To get reviews, Yvonne simply asks people who read the book to post a review. To get them to read the book, of course, she needs to tell them about the book and to this end, she talks about the book every chance she gets. For example:
Yvonne belongs to several Facebook groups that are related to the war and her father’s unit. When she sees an opportunity in a Facebook group, she posts about the book. When someone asks her where they can get the book, she asks them in return to review the book once they’ve read it. It is important to follow the rules of the group, and avoid spamming, but many groups offer opportunities to promote or share about your work.
Speaking at events:
Being an experienced public speaker, Yvonne also looks for opportunities to speak at events. Her philosophy is that no event is too small: even speaking at a Father’s Day event at her local church has led to people reading the book and reviewing it. She has also had to adapt: before Covid-19, she looked for speaking opportunities at World War II reunions and museum events. When these events got cancelled because of Covid restrictions, she did virtual events. She also kept up the relationships with the organizers and sent them copies of the book to read and review. Connecting with audiences, whether live or virtual, is a key book marketing strategy.
Doing podcast interviews:
Podcast interviews have been a great way for Yvonne to talk about the book in the absence of live events. When she found that looking for the right podcasts to pitch to was taking up too much of her time, she employed a high-school student to first read the book and then do the research for her. His job is to research possible podcasts and build a spreadsheet with the podcasts categorized by type: podcasts who interview authors, aviation geeks, World War II, even religion and spirituality. Then he makes notes of what each podcast is looking for and includes links to the website.
This way, Yvonne can easily find a relevant podcast, click on the link, listen to the podcast and find out what they’re about.

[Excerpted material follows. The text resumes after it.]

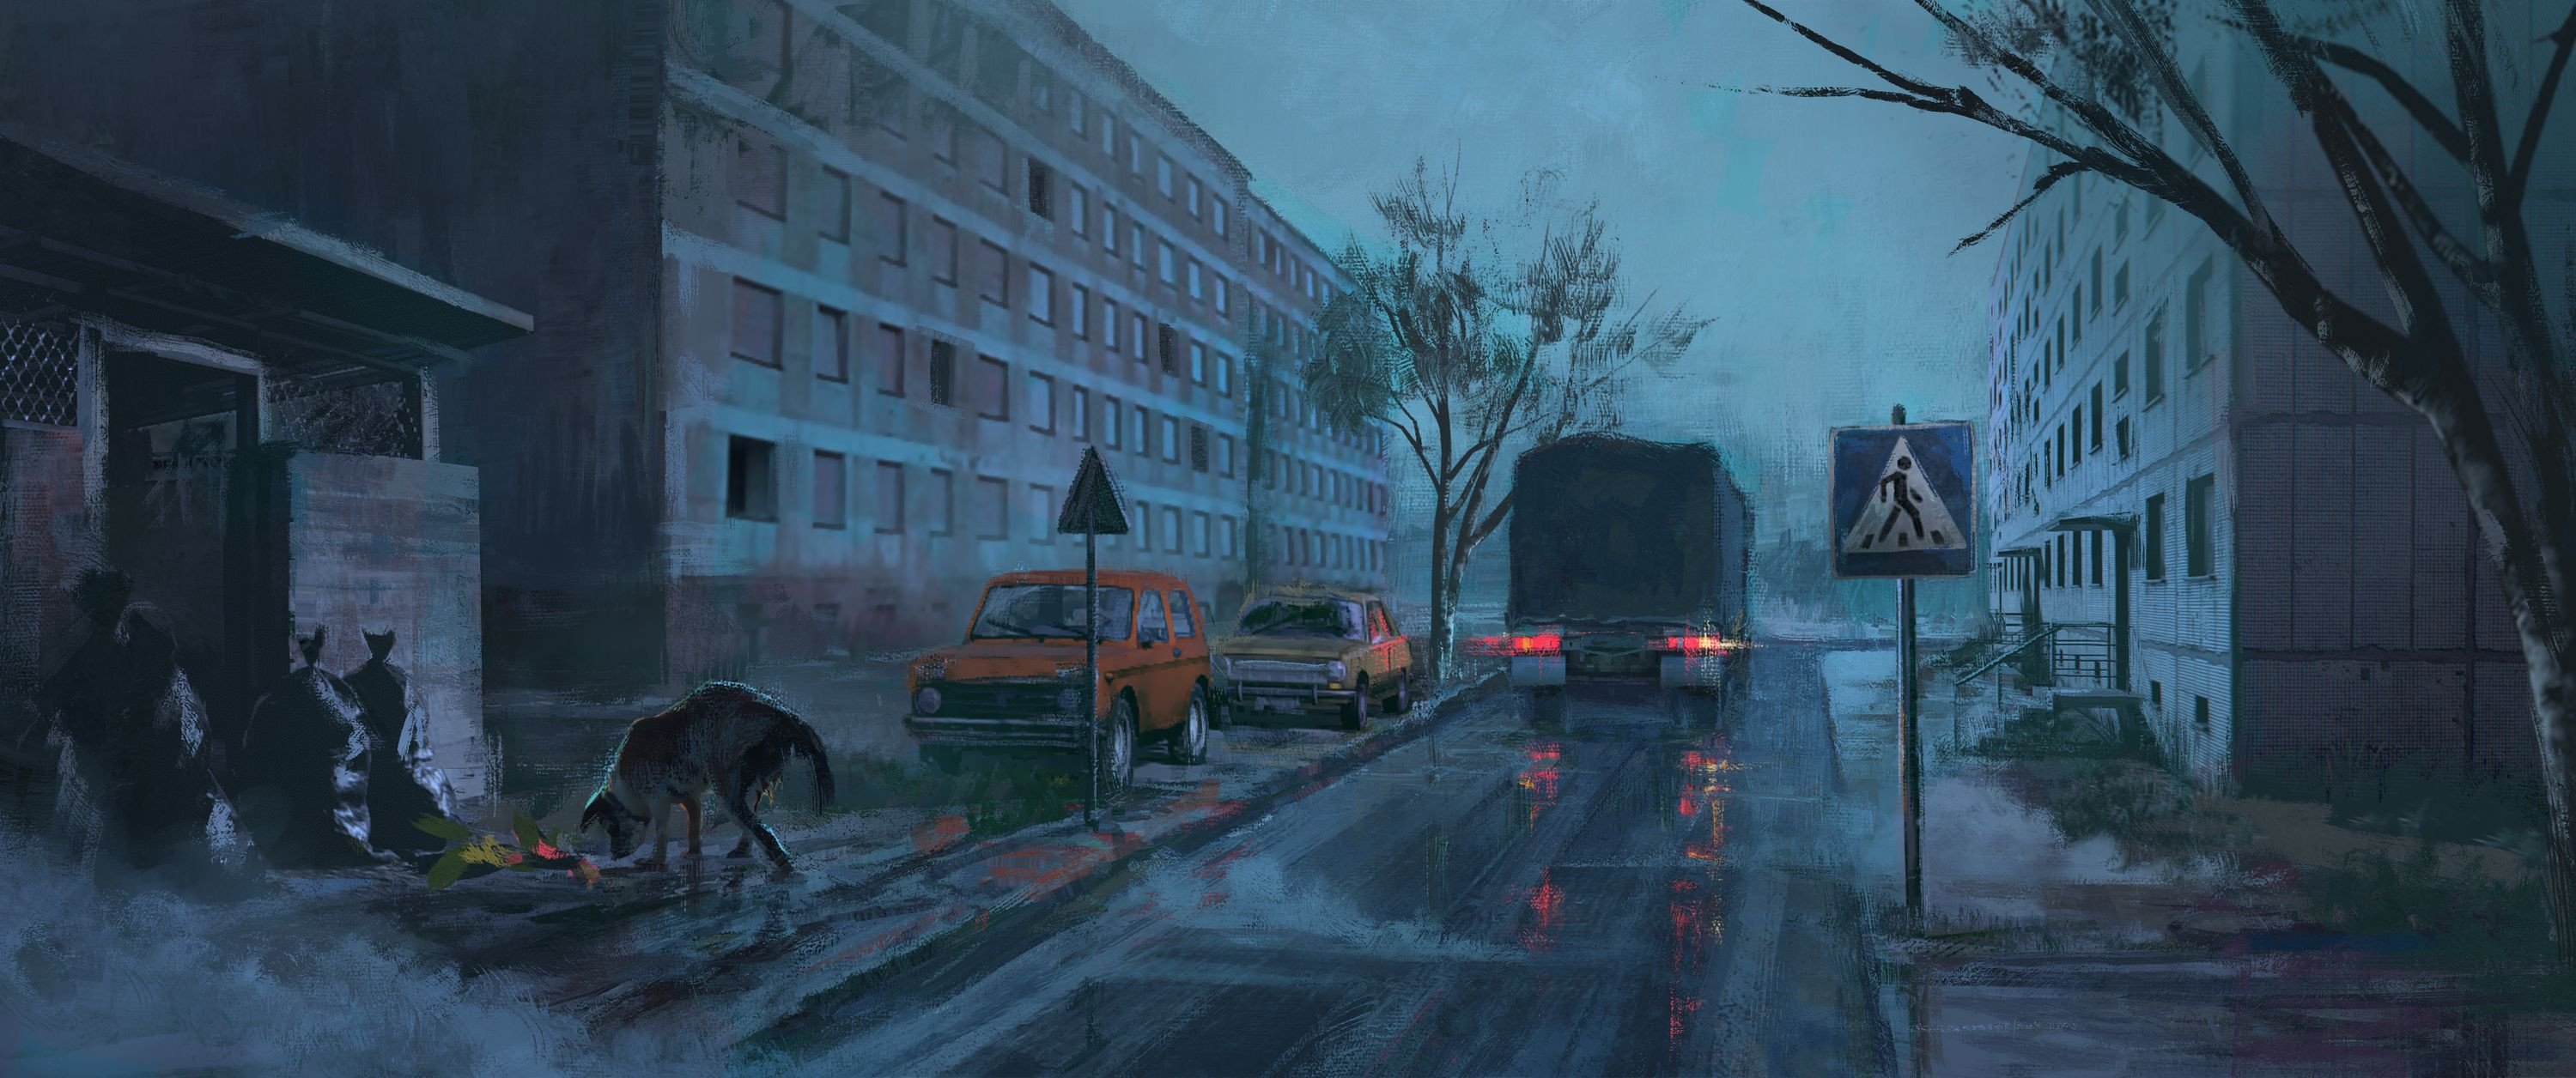 Unfinished alternative version. Inspired by composition and palette of Simon Stalenhag.
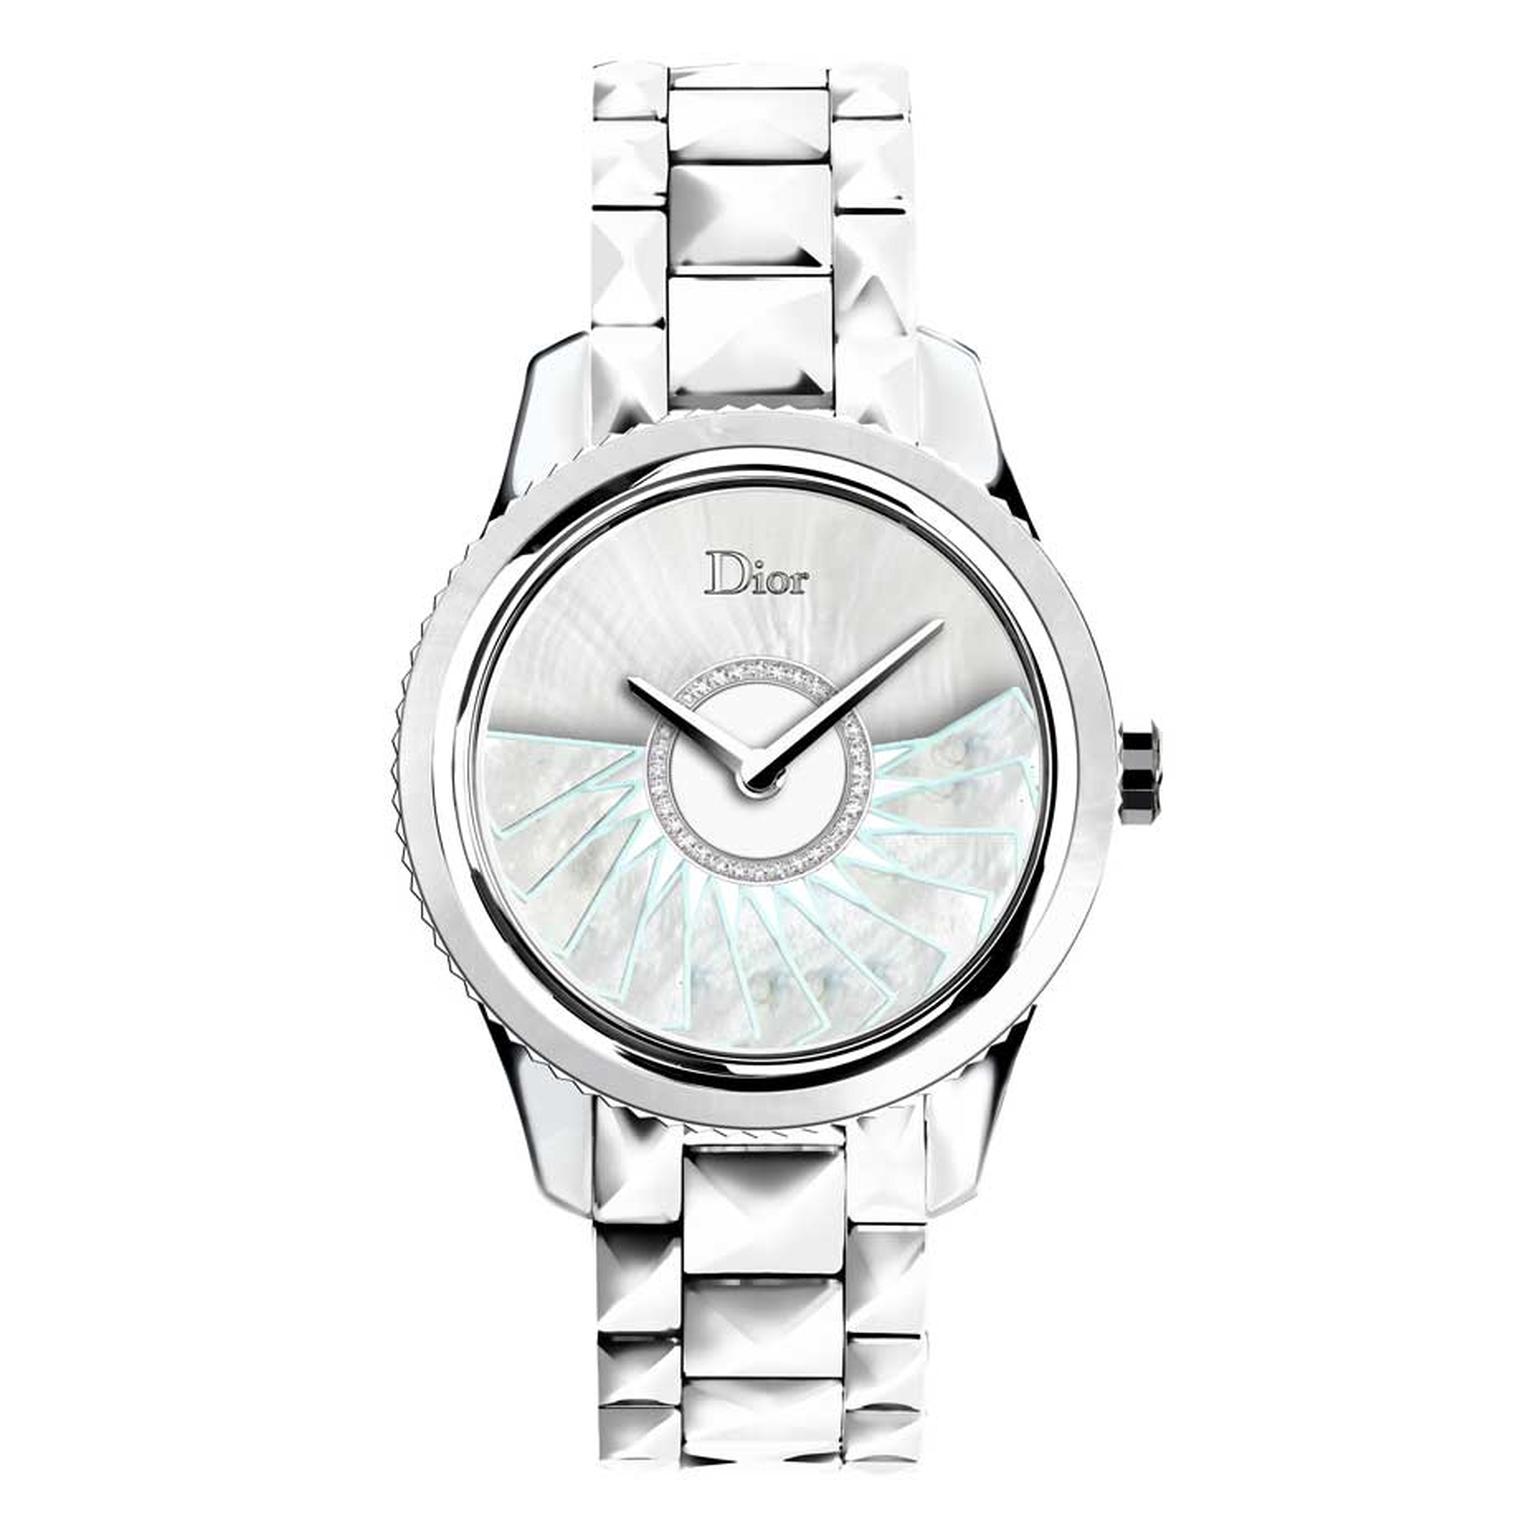 The Dior VIII Grand Bal Plissé Soleil watch in pale blue is available in a limited edition of 188 pieces. The oscillating weight mirrors the 'sweep' of a classic Dior ball gown.

Then she can craft a pitch email tailor-made for them. She adds comments to the spreadsheet when she has emailed or heard from the podcast, which gives her a sense of accomplishment and keeps her motivated.
Talking about the book in everyday conversation:
Yvonne also talks about the book in everyday conversations. Even if it’s simply chatting to her neighbours while walking her dog, when she gets the sense that someone might be interested in the book, she mentions it. This not only brings her new readers but also possible new marketing contacts.
What is the key to the right book marketing mindset?
Successful book marketing requires lots of hard work, creative thinking, being proactive and perseverance. Yvonne describes what is key to adopting the right mindset for this: “I truly believe that it’s going to happen. But it isn’t going to happen if I don’t make it happen.”